The Next Big Thing in Online Search
Posted by indroneel on March 1, 2007
Online information is growing at an unprecedented rate with more communities and users taking to the Web than ever before. In the face of this explosion, the top three search services (Google, Yahoo! and MSN) are encountering serious challenges to maintain the relevance of their results. New solutions are constantly being proposed to augment (and at times replace) the capabilities of these services. In this article we shall take a closer look at some of these approaches that have the potential to grow into the next big thing in the search technology space.
Visual search techniques utilize the user’s ability to specify and select items visually, combined with a keyword-based search. The visually selected items are used to further refine the search and arrive at the desired result. What makes this approach really appealing is the usage of perception over descriptive communication as the primary input for information retrieval.
Under the hood, visual search combines optical recognition techniques with descriptive metadata to build relationships among similar looking items. Popularized by Like Visual Shopping, this approach is expected to find wide acceptance among online stores dealing with durable and non-durable personal items.

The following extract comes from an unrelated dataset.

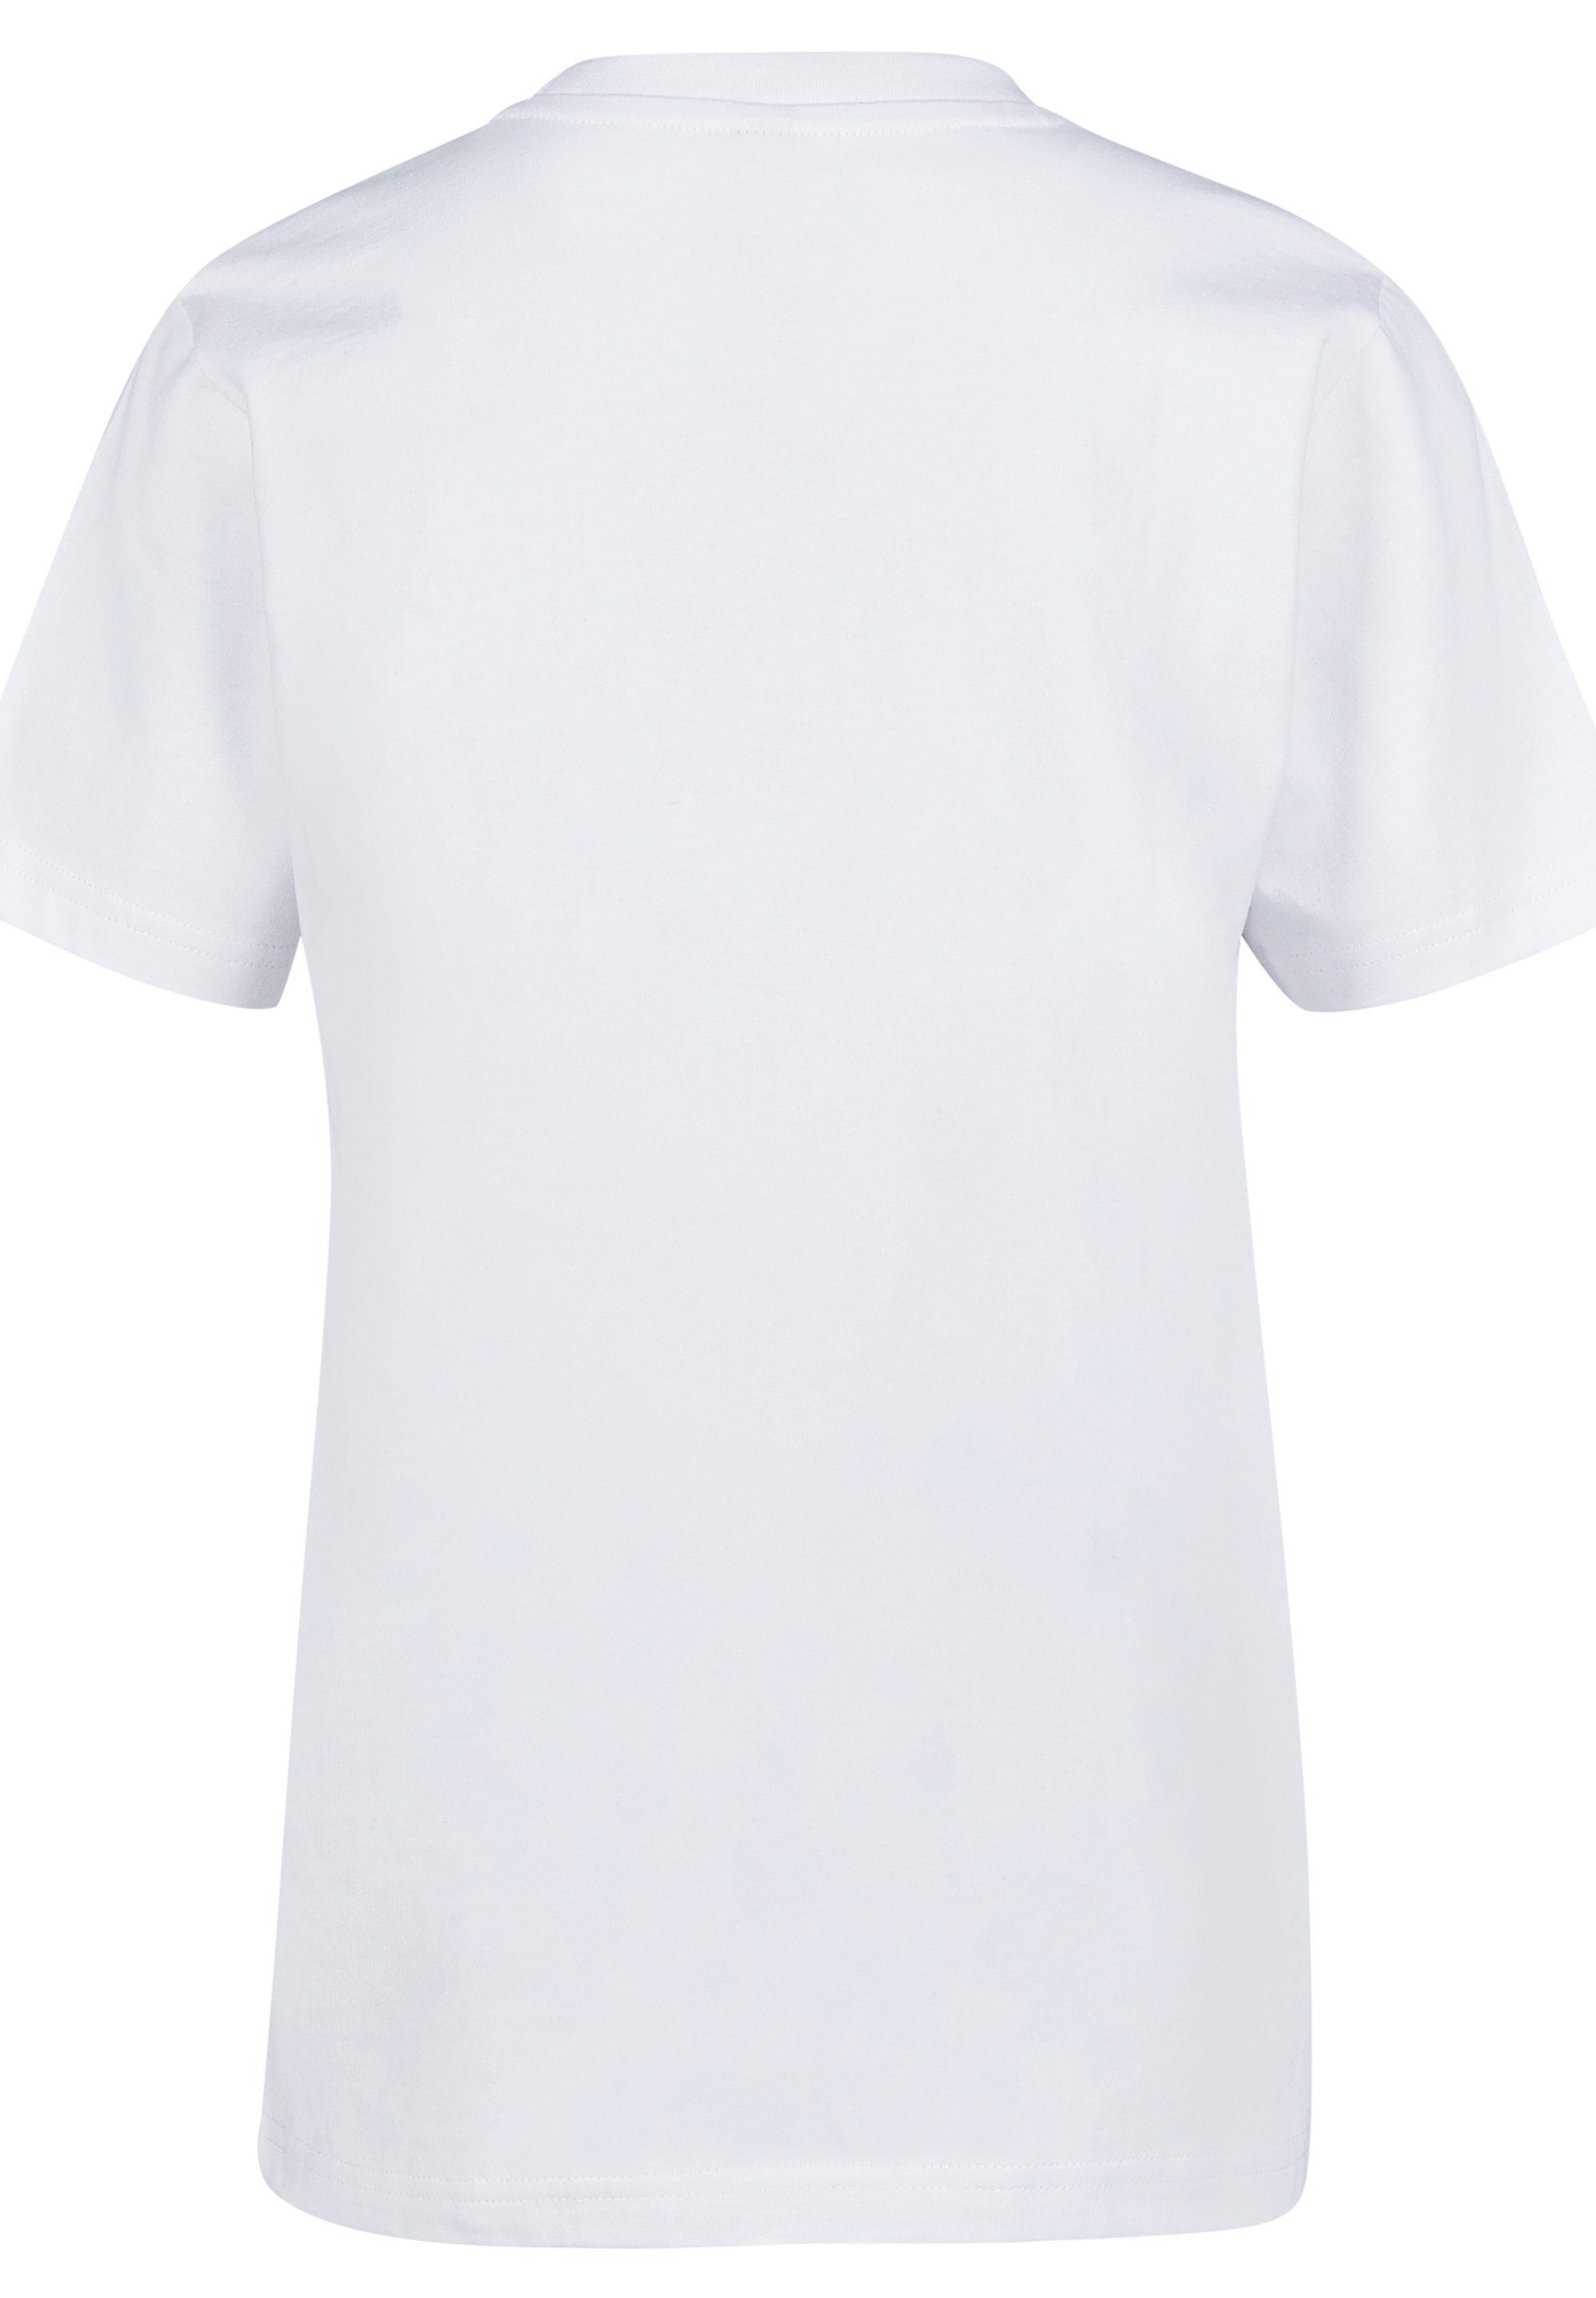 F4NT4STIC T-Shirt Star Wars Minimalist Merch,Jungen,Mädchen,Bedruckt Logo Kinder,Premium Unisex

Information clusters are more of a “post-processing” feature — they address how search results are presented to the user rather than the techniques used in searching. Instead of returning just the first page of results for thousands upon thousands of hits (most of which are irrelevant and not query-specific), the search results are organized into categories and sub-categories effectively compressing the entire result set into one visual page. These “clusters” are created dynamically and organize the result set for easy drill-down and navigation.

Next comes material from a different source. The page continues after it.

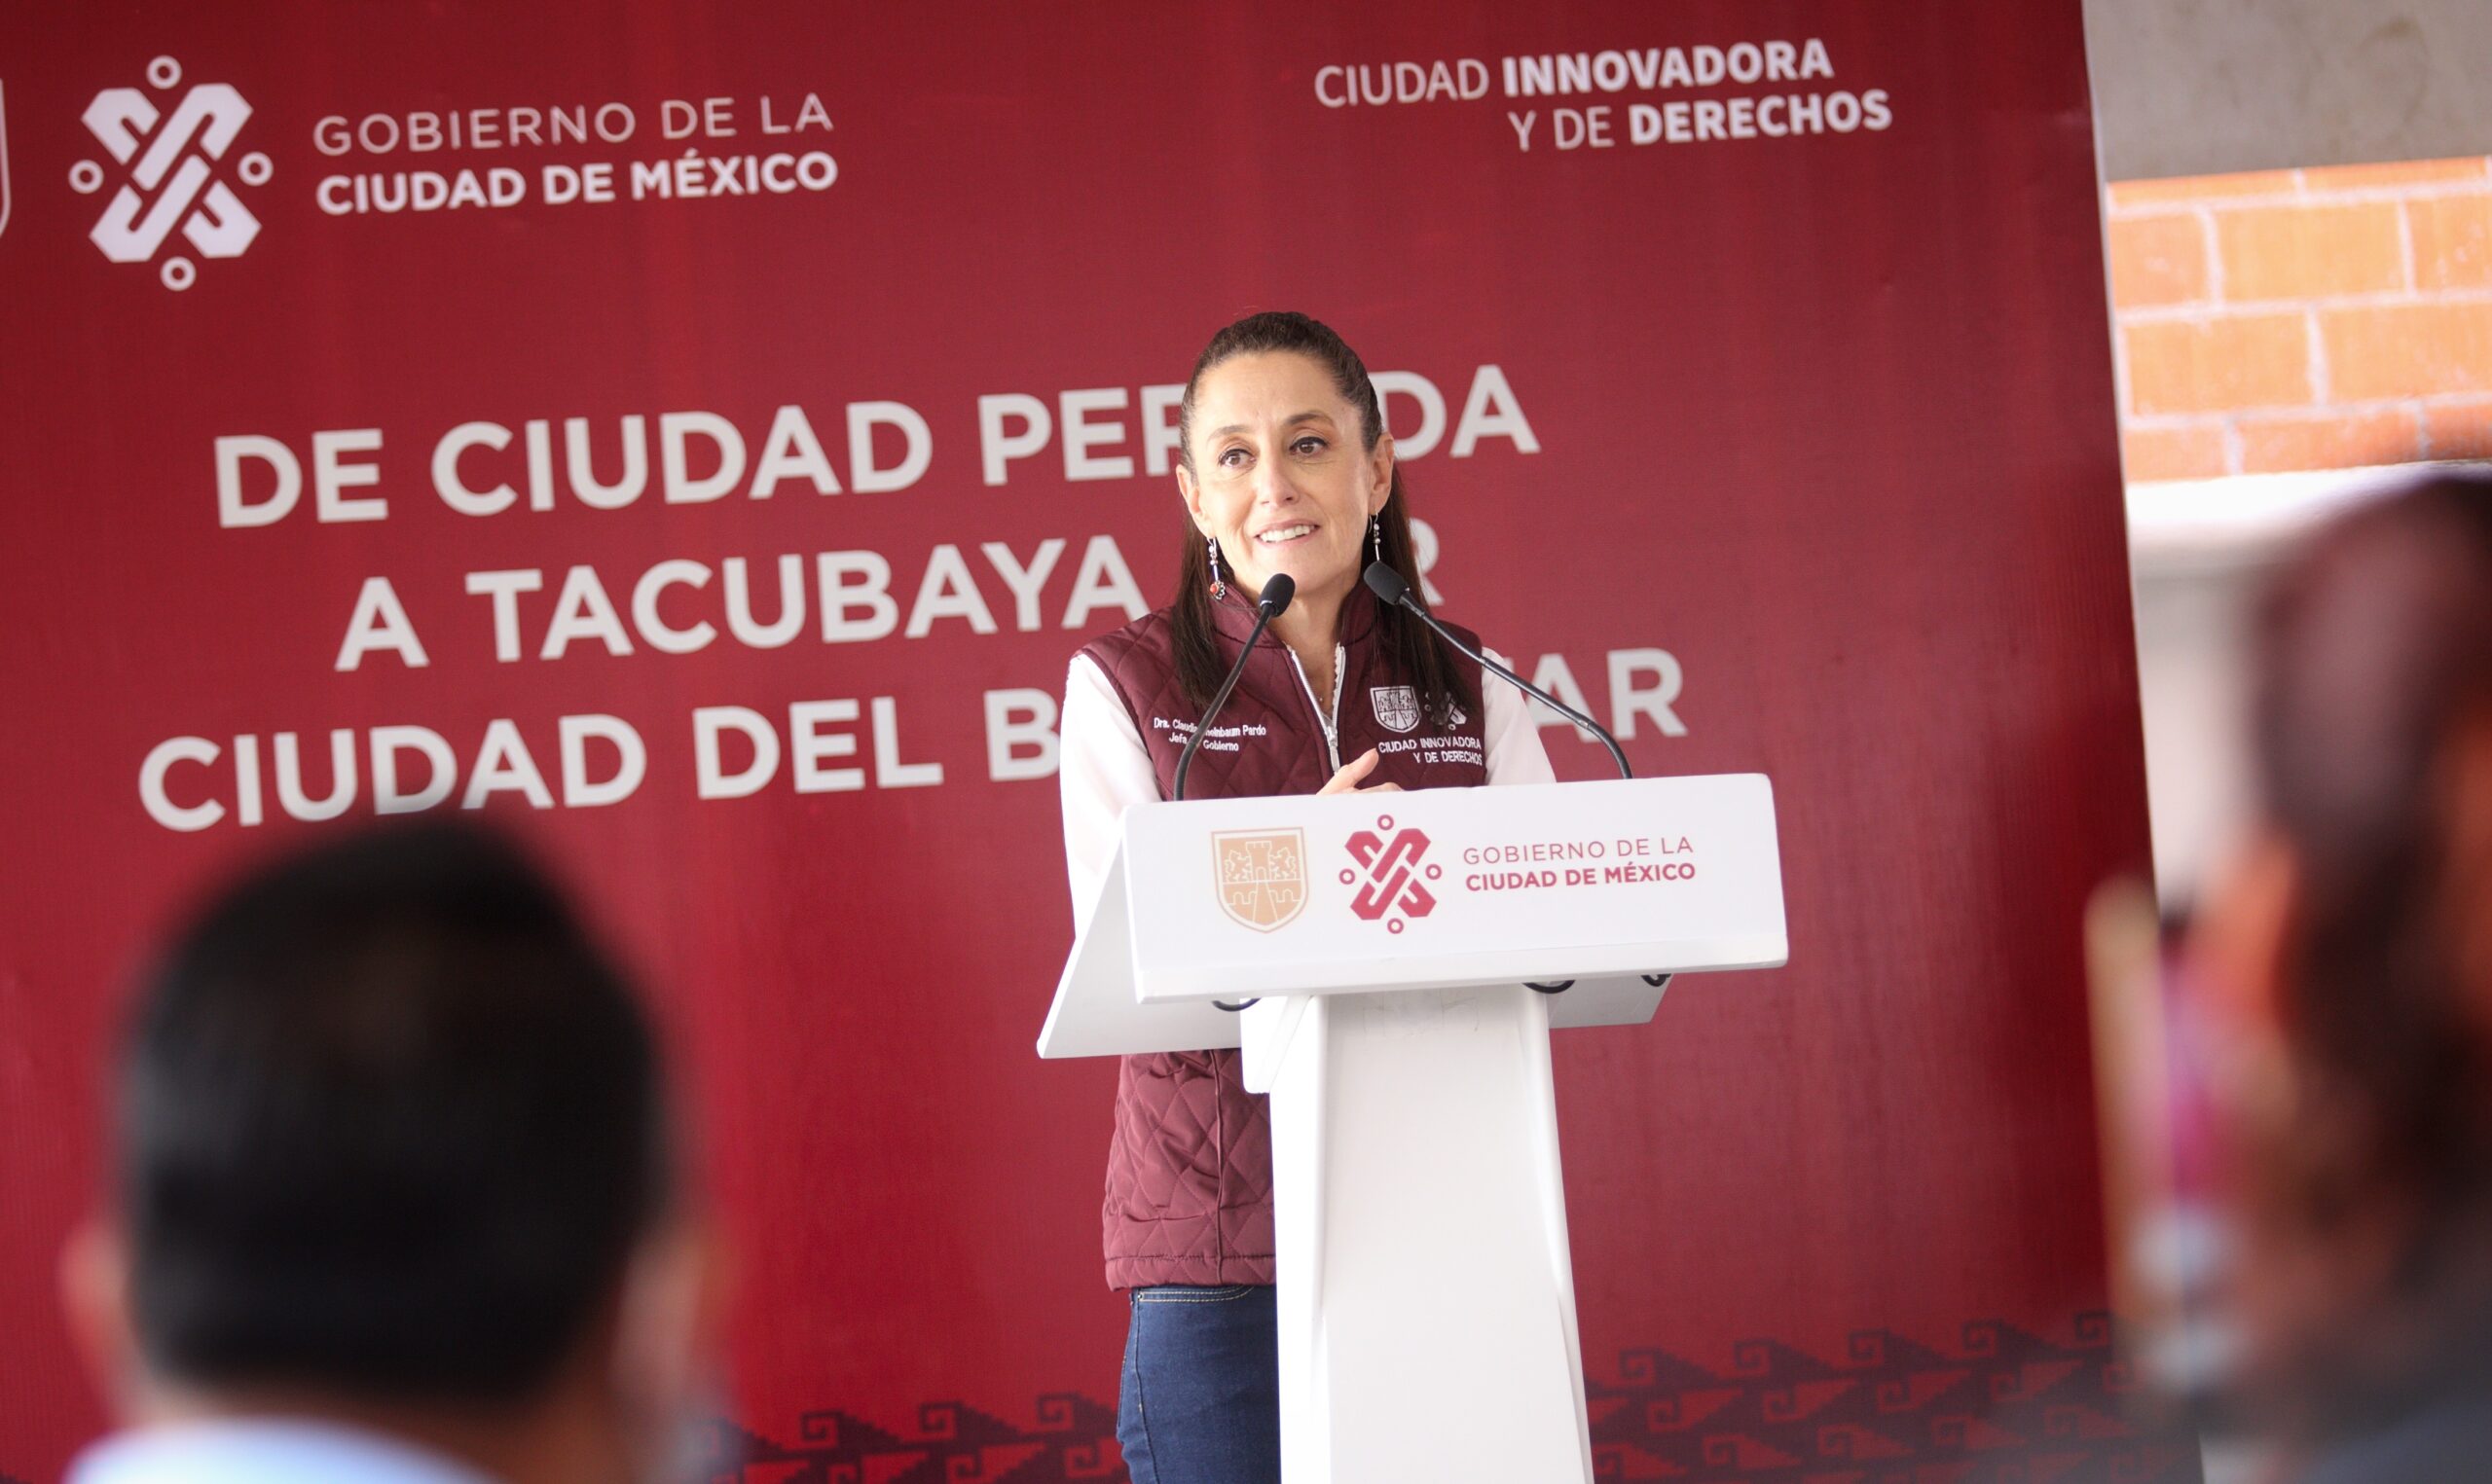 Otorga Gobierno de la Ciudad de Mexico derecho a la vivienda a 185 familias de Ciudad Perdida Tacubaya ahora nombrada Ciudad del Bienestar scaled

You can think of information clustering as Web directories in Yahoo! or Google tailor-made for every keyword-based search performed. The differentiating factor here is the algorithm and logic that power the dynamic categorization with a high degree of relevance.
Community Driven Search
Social or communal search uses human judgement to improve the relevance of results aggregated from top search services. The human judgement is captured beforehand using a variety of transparent (such as click-through profiling) and non-transparent (such as tagging and rating) techniques. Even though social search has been around for quite some time (the Open Directory Project being a good example), the novelty in this approach are the new Web 2.0 features that are being used to capture the human factor information.

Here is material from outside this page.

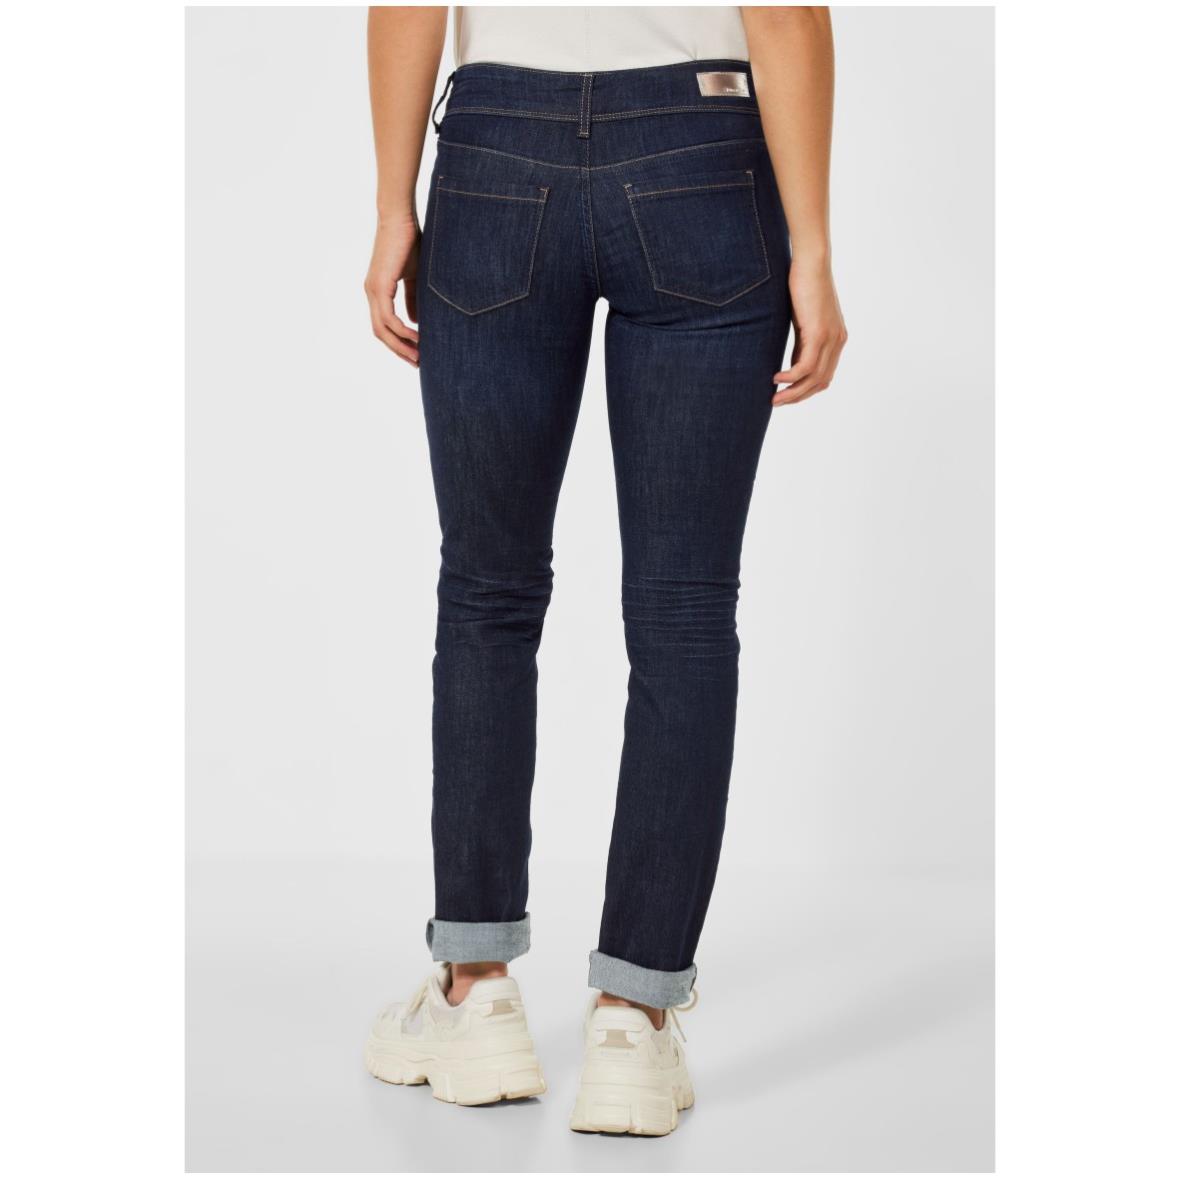 Damen Siemers Street Casual Jane - Fit One Jeans Online-Shop

Traditionally, it has always been the practice to present the search aggregator as a single entity (service or portal) to the end-user. A recent breakaway from this model is the Eurekster’s Swiki service that allows users to define and host their own search aggregators with little effort. Each aggregator maintains its own record base of human-factored meta information for relevance boosting. With discrete groups of users attached to specific aggregators, the swiki model is a definite move towards better integration of search with community powered portals and services.
Human Assisted Search
In the absence of a controlled vocabulary for the Web, automated searching does not return useful results for niche subjects and for broad or confusing phrases. While computer cognizance of the spoken language constantly improves, there continue to be gaps. Human intervention, in the form of real-time interactions with “expert” guides, have the potential to fill these gaps.
The success of human assisted search is derived from the expertise of the guides involved. This is pretty much subjective since expertise and its relationship to a context are something that cannot be measured on an absolute scale. Even as this expertise increases over a period of time, the time taken to arrive at the relevant results is still significantly higher in comparison to that of a more automated solution. Human assisted search is therefore expected to gain more acceptance as a premium service. It should be used only in cases a regular search service fails to return the desired results.
Check out ChaCha for a practical demonstration of human assisted search.